"Tim, el pingüino que quería ser diferente" - por Belkis Cima
Allá, bien al sur de nuestro país, en una desolada
isla bañada por las frías aguas del canal de Beagle, allá felices y tranquilos
viven ellos, los pingüinos.
Por las
mañanas cuando los tímidos rayos del sol apenas iluminan la pingüinera los pingüinos adultos salen de los nidos en busca de alimento fresco y sabroso para la
familia. Los pichones dormilones y remolones demoran en salir del nido y cuando
logran despertarse el sol ya está alto y la pingüinera toda iluminada.
Durante el
día los pequeños pingüinitos reciben la visita de unos extraños visitantes que
llegan hasta la costa de la isla en enormes naves. Al principio esas
interrupciones de la rutina diaria no fueron muy agradables, como hipnotizados
se quedaban al ver a esos seres que se comunicaban extrañamente y además se
cubrían la cabeza con algo gracioso; la mayoría terminaban con un adorno
plumoso y a veces esponjoso, los ojos como moscas, redondos y negros u otros
más raros tipo espejados cubriéndoles los ojos. Con el paso del tiempo la colonia entera de pingüinos
se fue adaptando.
Ahora los
pingüinitos se divierten haciendo piruetas y a cambio reciben risas y aplausos
que los alientan a seguir con el espectáculo.
Después que
los visitantes se alejan en aquellas embarcaciones los pichones recorren la
costa en busca de restos de alimentos que los humanos dejan caer, ellos por
curiosos los comen y después sufren dolores de barriga.
Entre todos
los pingüinitos se encuentra Tim que solamente se apodera de objetos raros:
guantes, gorros y hasta anteojos. Escondido entre los pastizales acostumbraba a
disfrazarse y jugar a ser diferente a los demás pingüinos y eso le encantaba.

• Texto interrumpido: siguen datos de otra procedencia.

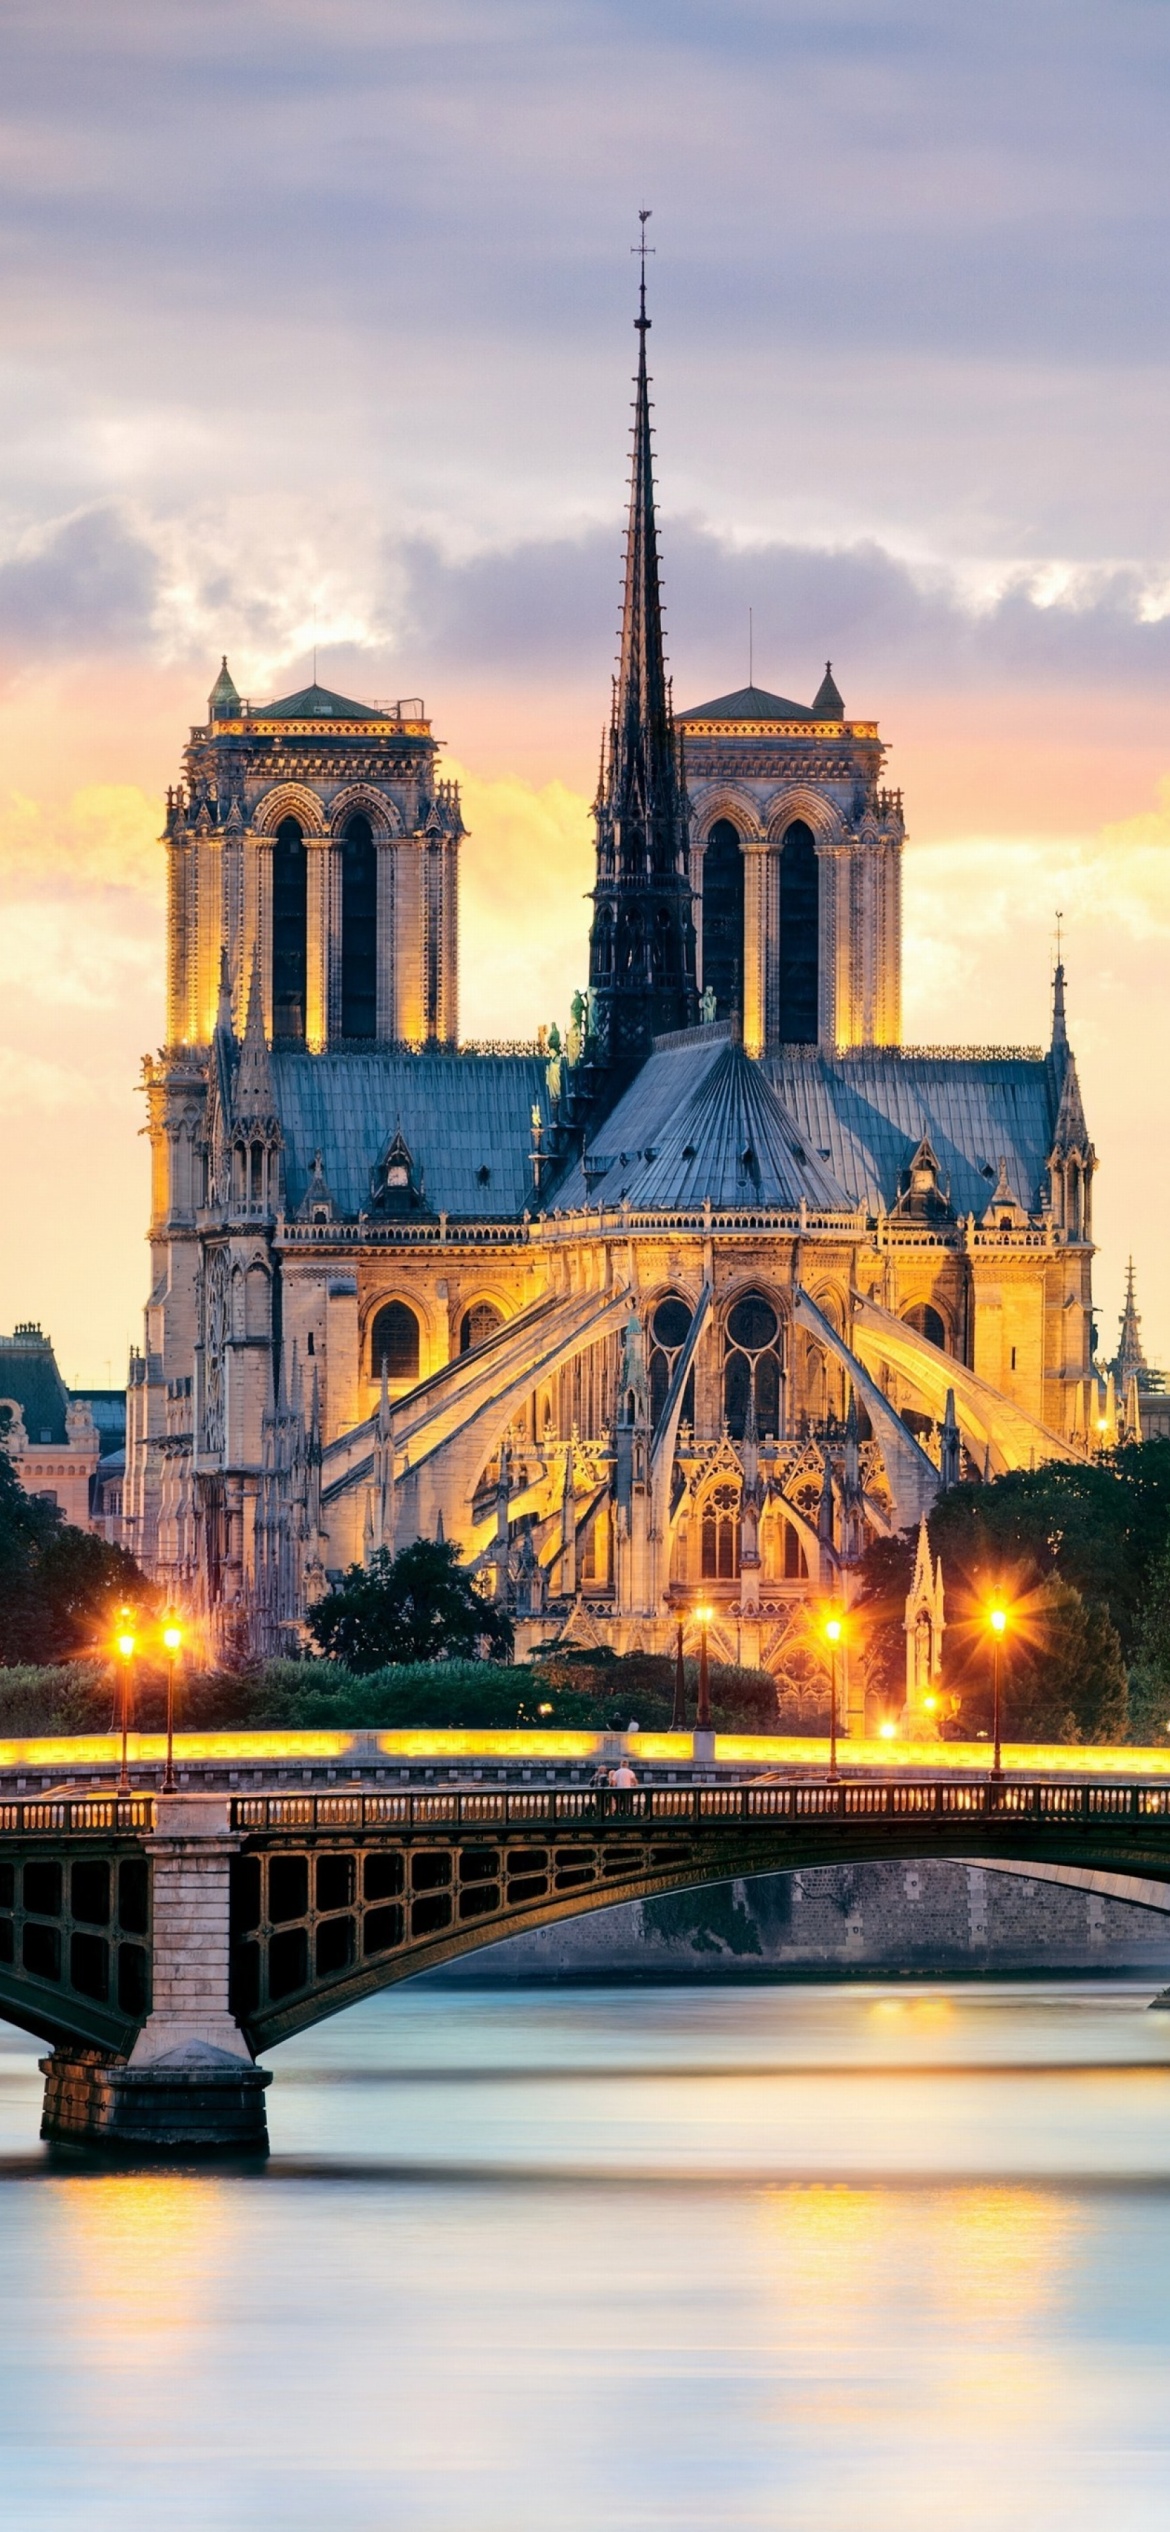 Notre Dame de Paris Catholic Cathedral wallpaper 1170x2532
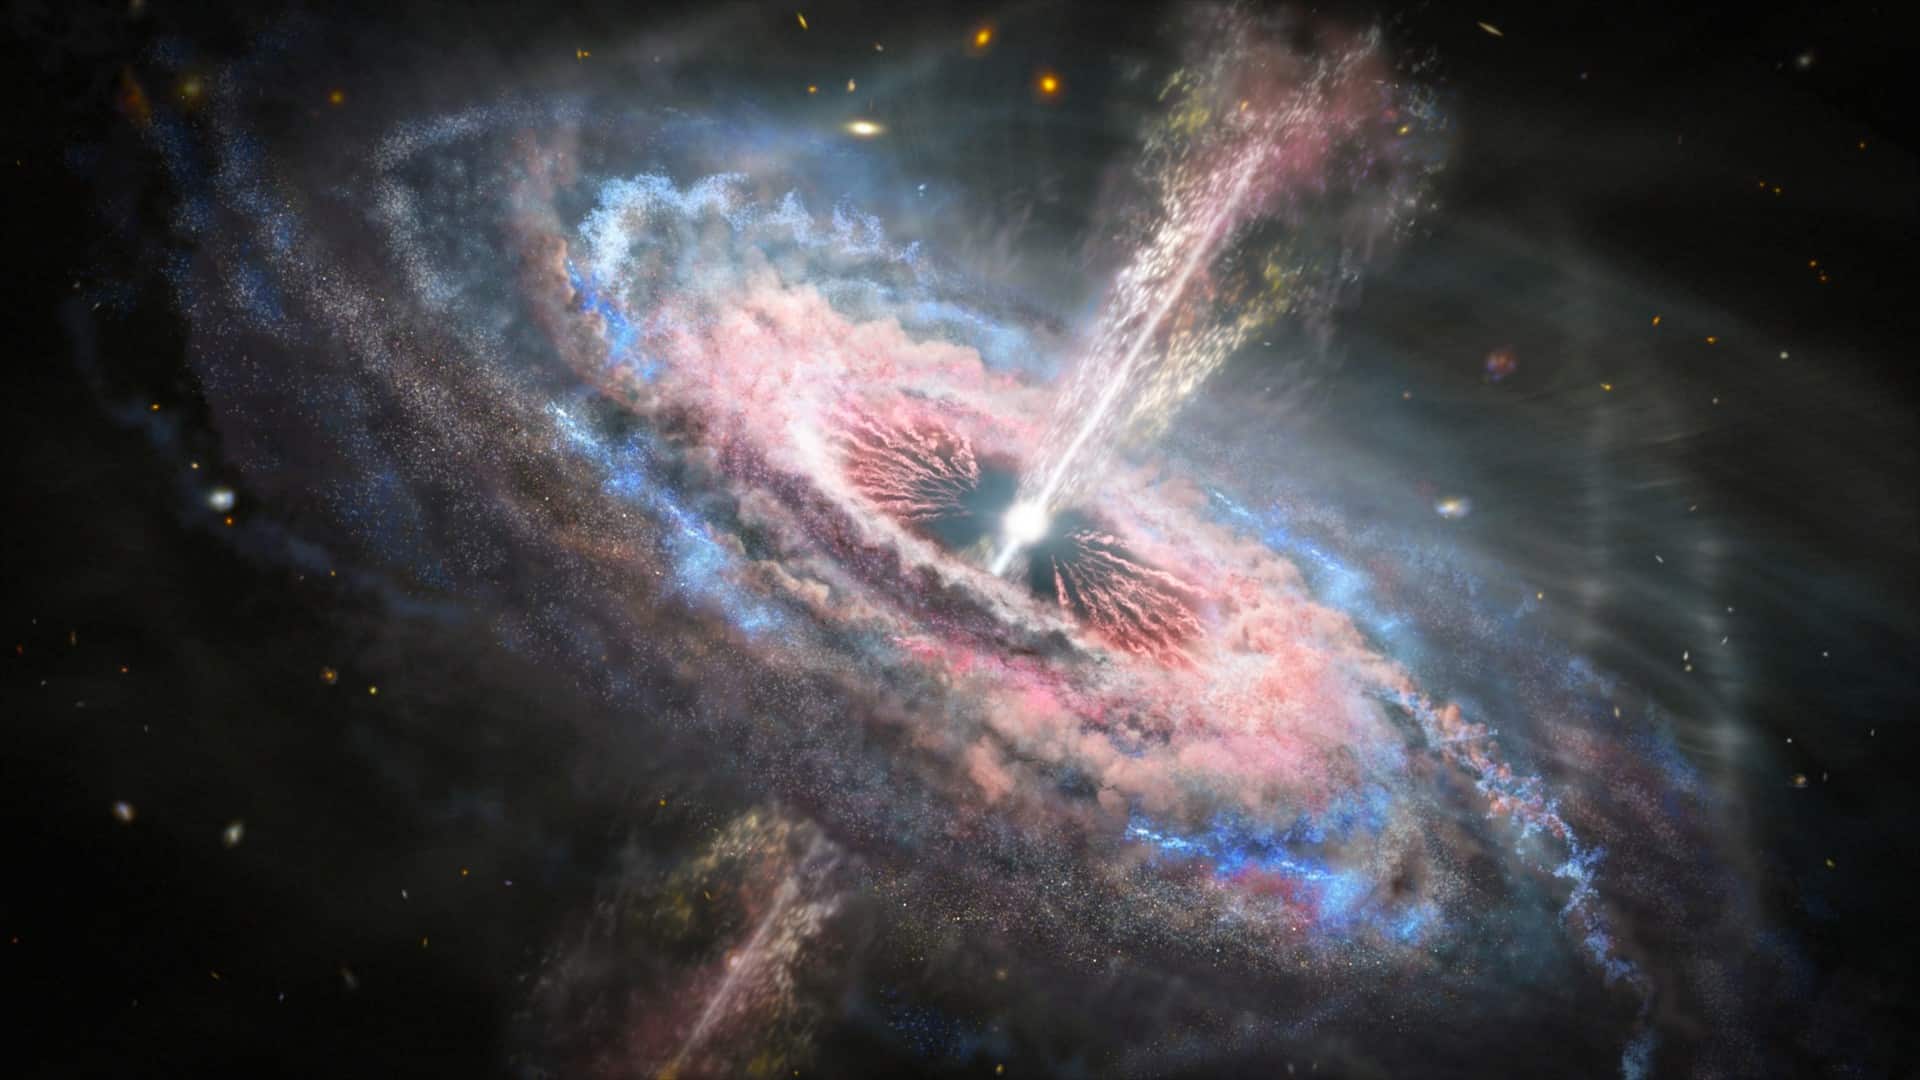 このブラックホールの発見は、銀河の成り立ちを再考させるかもしれない

Tim estaba aburrido de vivir en la pingüinera, decía que siempre hacían lo
mismo: buscar comida, comer, tomar sol y dormir. También le molestaba que todos
tuvieran el mismo aspecto, los mismos colores, negro y blanco, hasta la misma forma
de caminar bamboleándose de un lado a otro. ¡Todos iguales!
En su escondite
soñaba con ser diferente mientras se ponía los objetos más extravagantes que
juntaba después de la visita de los humanos.
Un día con
tantas cosas que había encontrado se le pasó muy rápido el tiempo mientras
jugaba a ser otro y no se dio cuenta que ya toda la colonia había vuelto al
refugio; todos menos él.
En el nido
mamá y papá pingüinos comenzaron el recuento de sus pichones y faltaba Tim.
Desesperados se miraron y salieron en su búsqueda. Recordaron que Tim se
entretenía con aquellas cosas que encontraba en la costa y allá fueron.
Papá
pingüino con su fino oído se guio, caminó unos metros entre un pajonal y ahí lo encontró disfrazado
y feliz. En eso llegó mamá pingüino que
siguió las huellas y los encontró abrazados; sin esperar se unió al abrazo y
mimaron al pequeño.
Cuando Tim
pudo despojarse de ese cruce de aletas, los miró a ambos a los ojos y les
preguntó cómo se habían dado cuenta que era él el que faltaba en el nido, ya
que eran todos iguales.
La mamá con
una mirada húmeda por la emoción le dijo que aunque todos en apariencia son
iguales y hagan las mismas cosas siempre habrá algo que los haga diferentes,
especiales, únicos e importantes.
El papá se
unió a la conversación y le dijo que no eran necesarios los gorros y anteojos
para diferenciarse de los demás. Le explicó que Dios en todos los corazones
dejó una lucecita, la luz del amor y es la encargada de hacernos brillar a cada
uno de manera única y diferente.
Tim
convencido de ser único, diferente, especial y muy importante para sus padres
volvió con ellos al nido.
Al día
siguiente se mezcló entre los demás pingüinos y juntos brindaron a los
visitantes un brillante espectáculo con sus piruetas.
Tim entre
sus hermanitos y amigos pingüinos se sintió feliz imaginando que todos
brillaban a la vez porque cada uno es luz.